Notice that I printed out W and b from each layer only after the training had completed. But with some elbow grease, you could in fact collect those values during each training iteration and watch them evolve. Would be a good TensorFlow brain teaser :slightly_smiling_face:

Let us know?

couple of additional thoughts:

  • By default, Keras prints the layer’s W matrix as kernel instead of weights even though the variable’s name in the Layer class is layer.weights. :man_shrugging:

  • This is a simple, but real model. You can run it and get around 99% accuracy. Probably don’t need to use the entire 60K for training, but I was lazy and didn’t split it out.

  • The little model you typed in had 15 in the last Dense layer. Since this question originated with digit recognition, that would likely need to be 10, right?

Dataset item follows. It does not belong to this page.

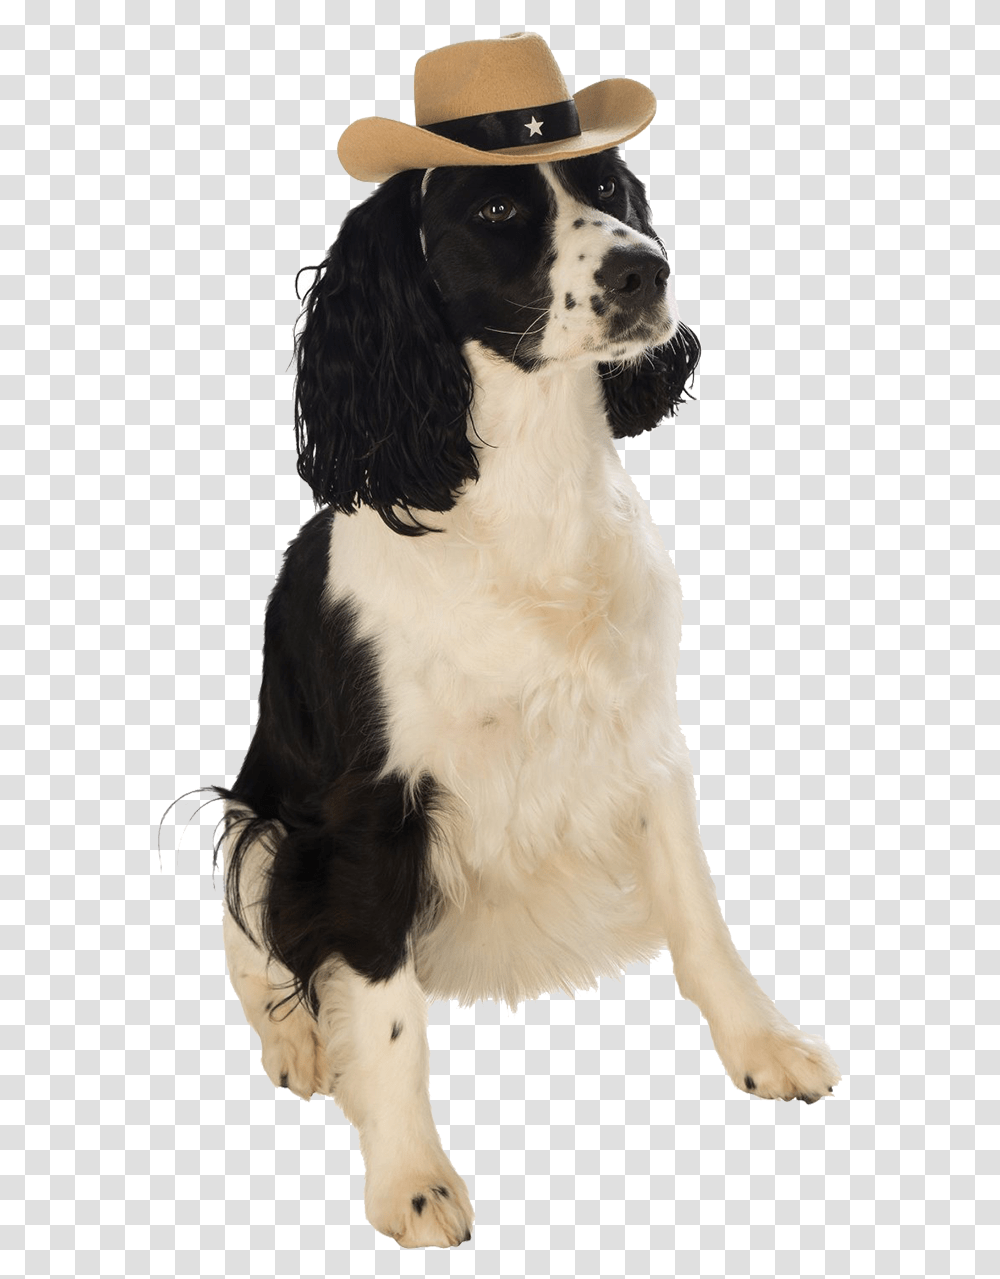 Dog With Cowboy Hat, Pet, Canine, Animal, Mammal Transparent Png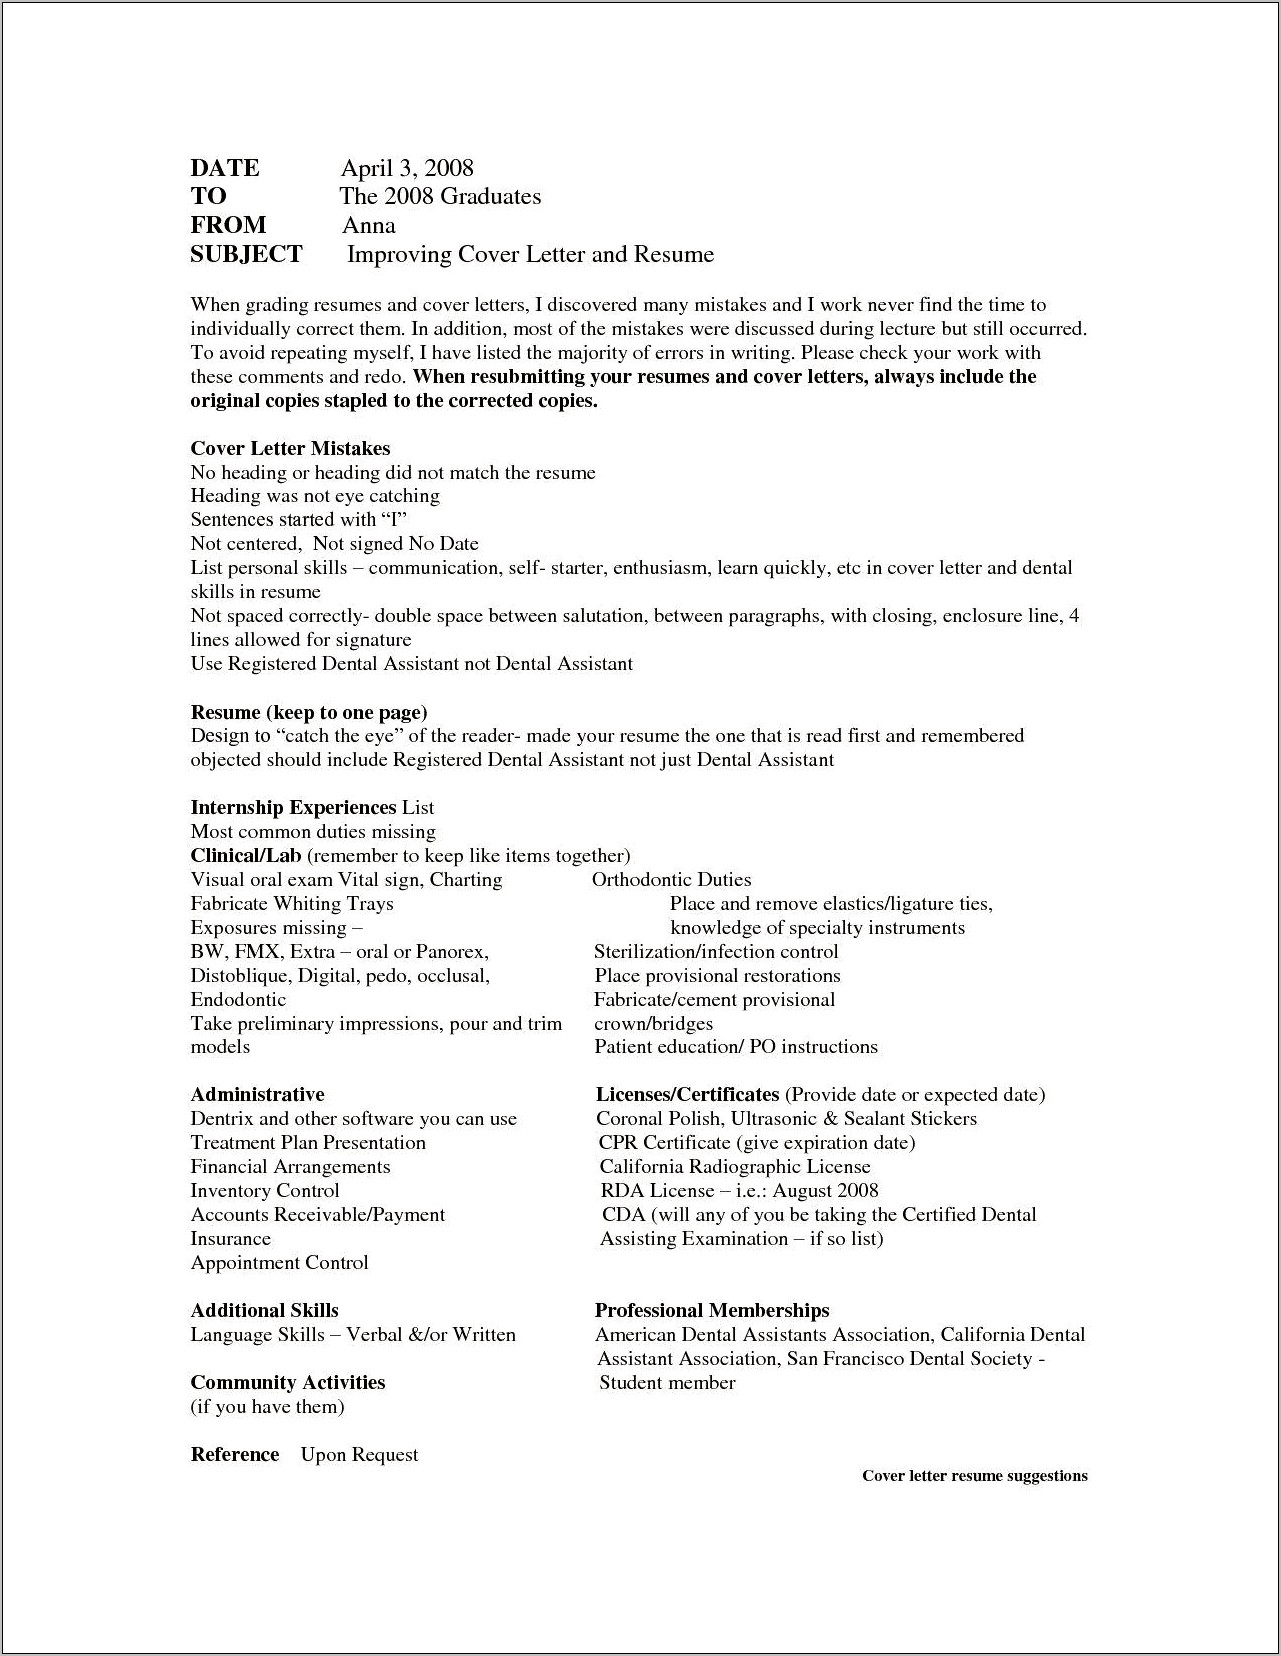 Example Of Dental Assistant Resume With No Experience

So I get this about the number of parameters at each layer, I havent looked at the code yet but what I was trying to understand is, after the training gets done during inference how is the vector W and b used? Since during training we are trying to find W and B so when doing inference when we are trying to predict, what size if W and B is considered. So basically trying to understand what happens during inference?

At inference you run the entire network. The size of W and b at each layer are the same during inference as they were during training. That’s the point of the training, right? To learn the values of the W and b at each layer.

ohh ok, that clarifies. I was assuming that at inference you just take the value of W and B and find the prediction somehow w/o running through the entire network.

So complex models with multiple layers would increase the inference times correct?

The neural network is set of operations that mathematically transforms the input(s) into the output(s). The more complex the network, the more parameters, the more computations to perform, the more expensive both the training and the inference become. In application design there is a concept of ‘minimum viable capability’, which means don’t build features the customer doesn’t need. Same holds for neural net design. Add enough model architecture complexity to achieve the needed accuracy, but no more.